Again, this looks reasonable. I’ve tried a few seeds and can’t pick out any obvious correlations between the bits. The really uniform row/column averages aren’t visible here.

So why does rand seem so much better than the QBasic examples? Well, the C Standard doesn’t actually say how rand should be implemented. It’s commonly an LCG, but could be something better.

On my system rand is implemented as part of libc, specifically version GLIBC 2.39-0ubuntu8.4. I’ve done some digging and in fact locally my rand implements a Linear Feedback Shift Generator (LFSG), which is more sophisticated and has much better randomness properties.

Side note: LCG improvements

It wouldn’t be surprising if another LCG had better properties than the original QBasic implementation. The key improvements we could make are:

  • Use the full 32-bit period: the QBasic implementation is limited to 24-bits for no good reason.
  • Introduce mixing: we can reduce linear dependence between bits by combining different parts of the state using bit shifts and XOR operations.

Xorshift

The xorshift family of PRNGs are some of my favourites: they are simple to implement and behave very nicely. They’re actually related to the well-behaving LFSG we saw in the previous section.

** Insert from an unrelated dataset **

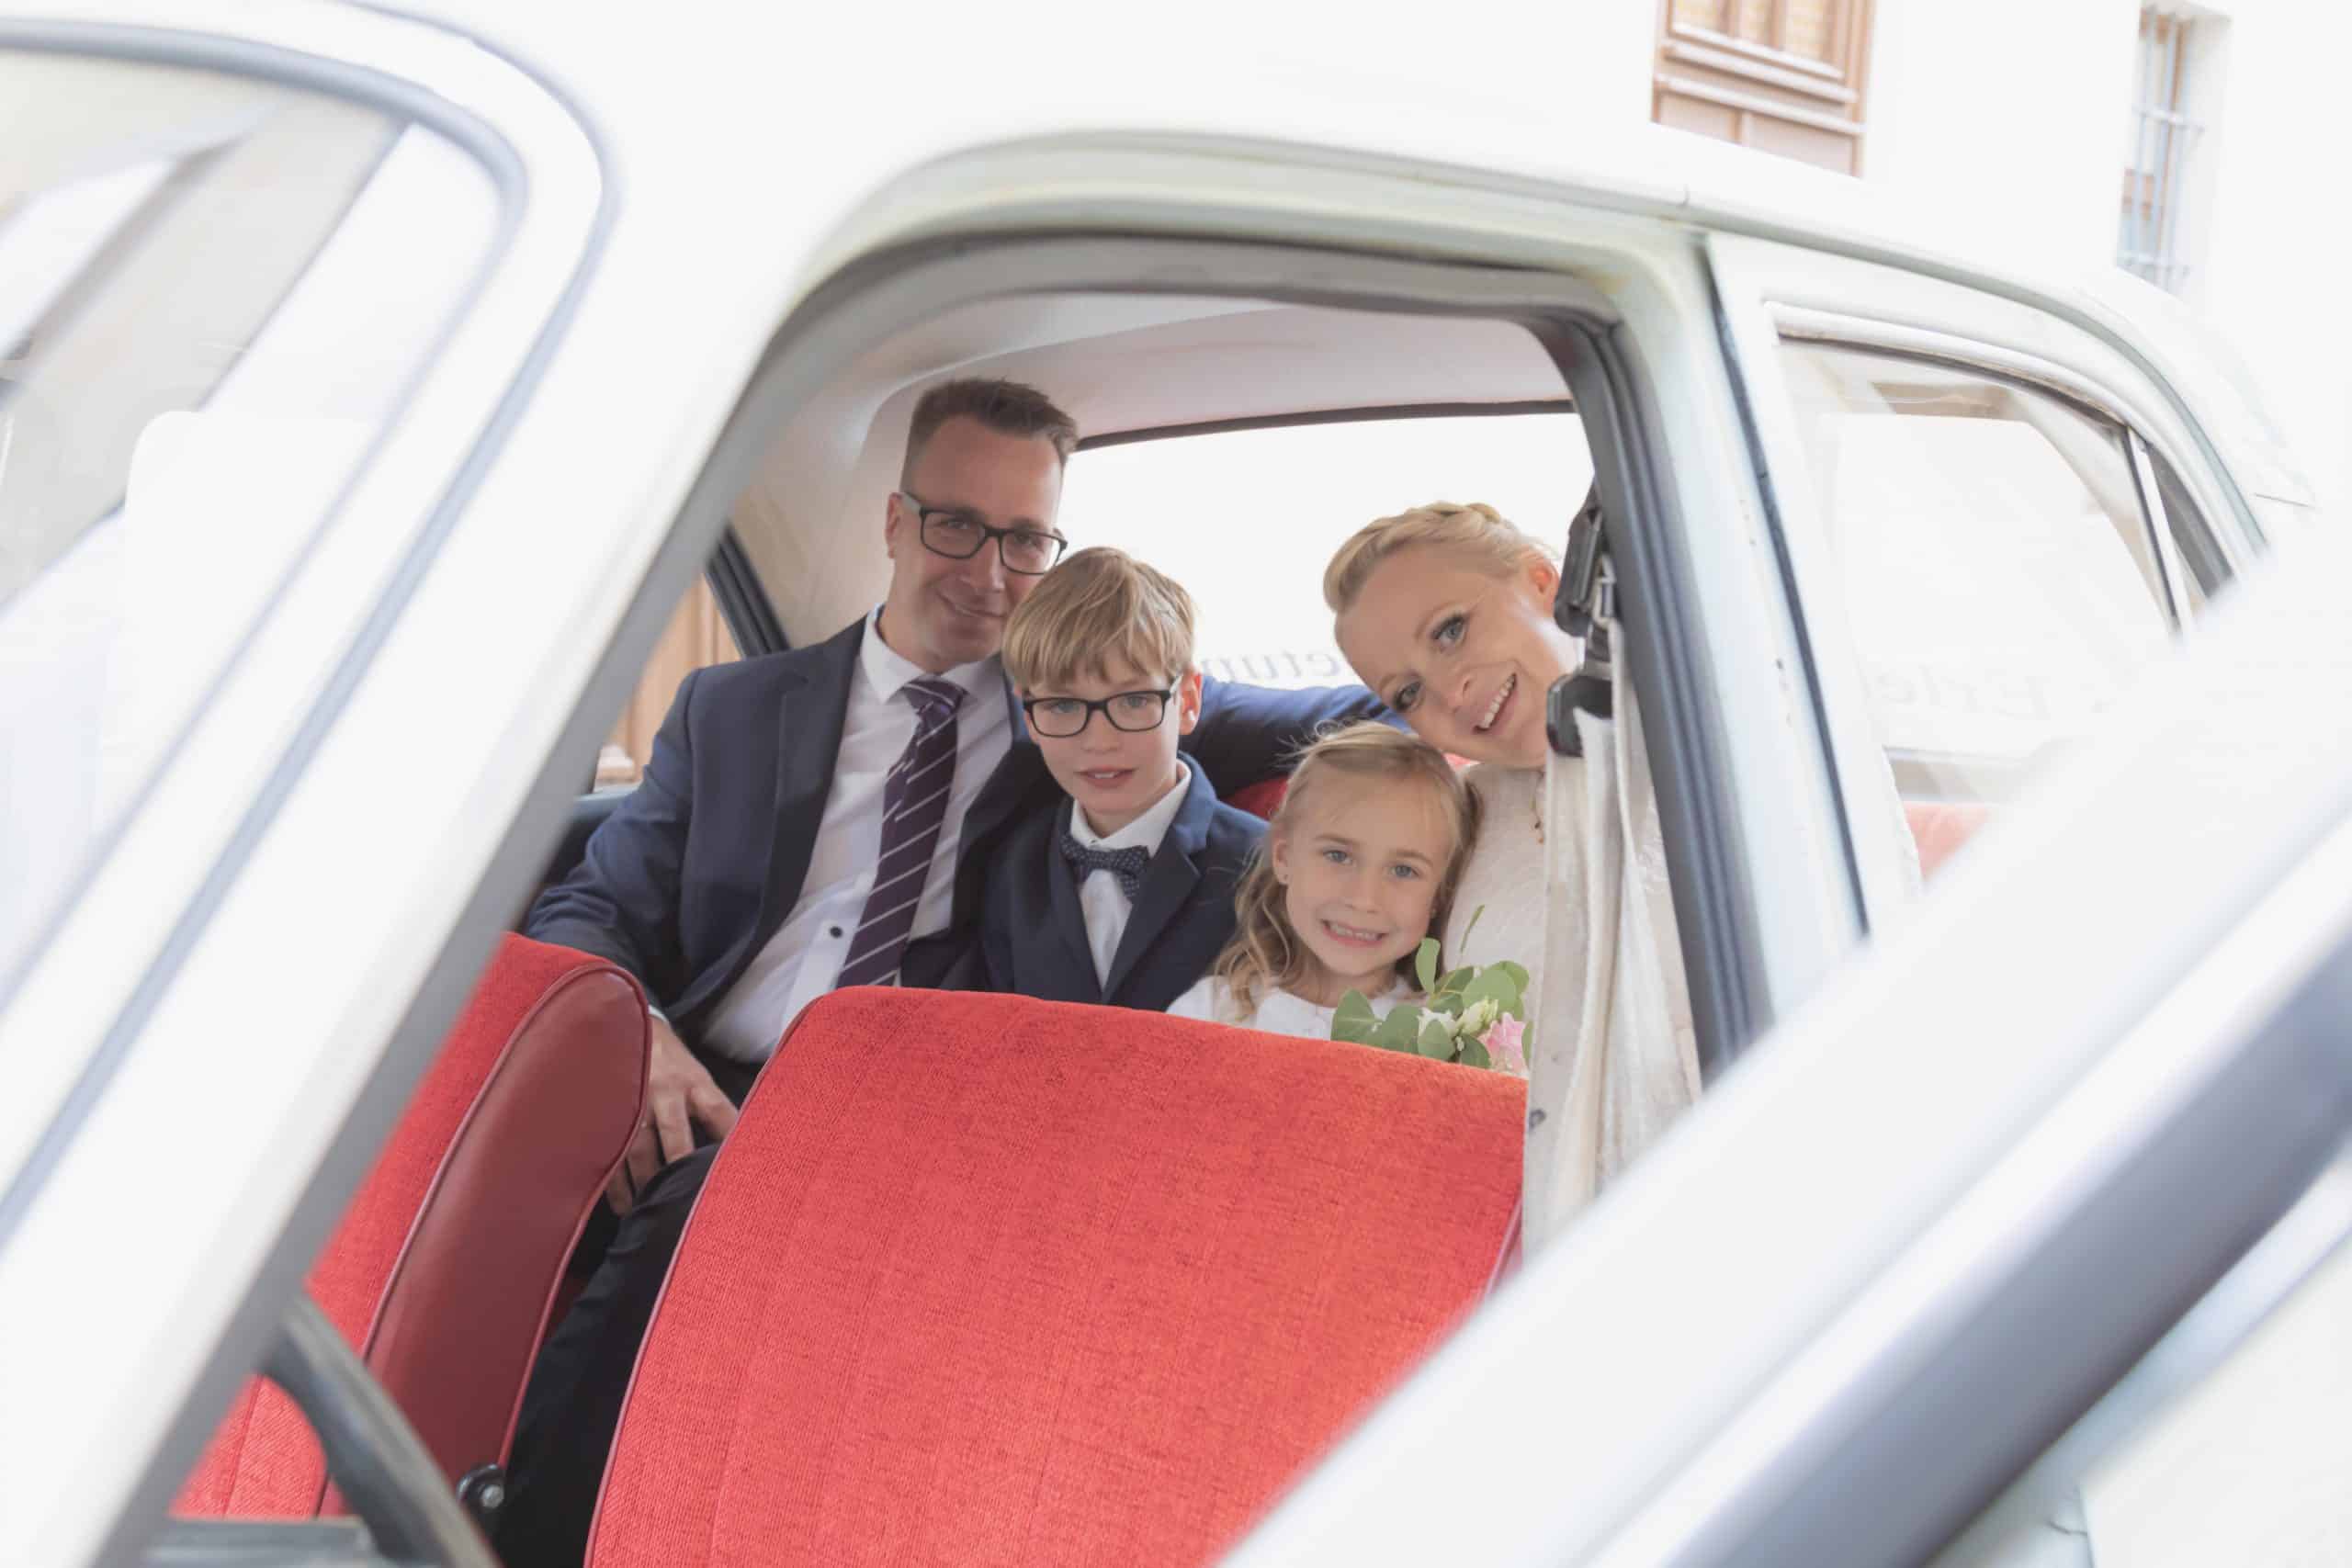 Jan Windisch, Fotograf und Hochzeitsfotograf aus Dresden, Prina, Görlitz, Großenhain und Leipzig, hat hier ein Brautpaar mit ihren zwei Kinder fotografiert. Sie sitzen alle vier im Auto und lächeln in die Kamera.

I’ve tested the 32-bit XOR-based version (ref: Algorithm “xor” from p. 4 of Marsaglia, “Xorshift RNGs”):

uint32_t xorshift32(uint32_t* s)
{
  *s ^= *s << 13;
  *s ^= *s >> 17;
  *s ^= *s << 5;
  return *s;
}

xs32 randograms

Heatmap for seed 2191022762:

Bit index 8 9 10 11 12 13 14 15 Avg.
0 4054 3999 4011 3972 4132 4077 4108 4151 4063
1 3978 4045 3958 3946 4087 3995 4048 4111 4021
2 4032 4050 4037 4028 4038 4079 3991 4074 4041
3 4059 4079 4047 4000 4136 4090 4083 4087 4072
4 4076 4002 4043 4007 4082 4022 4026 4077 4041
5 4096 4025 4065 4016 4151 4167 4091 4141 4094
6 4043 4012 4003 4024 4083 4114 4031 4060 4046
7 4028 4035 4026 3944 4087 4030 4011 4065 4028
Avg. 4045 4030 4023 3992 4099 4071 4048 4095  

A nice, simple algorithm, plus the randogram and heatmap are comparable to the LFSG rand implementation. We can further improve this algorithm by switching to xorshift* which includes an extra multiplication and reduces linear dependence.

Closing thoughts

I think randograms are fun and give us some nice intuition into the quality of a PRNG’s randomness.

They’re obviously not great for giving us a measurable output - even when combined with my ad hoc bitwise comparisons - for that we need test suites like Big Crush.

When choosing which PRNG to use for a project you need to take into account details of the problem domain. None of the algorithms I’ve shown above are suitable for cryptographic purposes, but if the quality of the randomness isn’t paramount and performance is then I’d recommend one of the xorshift family (e.g. for Monte Carlo simulations).

Despite the C rand function making a good showing, I would not recommend using it unless you don’t care about quality of randomness at all. The implementation you have access to might be a lot worse than mine.

The source code for this experiment is on my Github at randogram.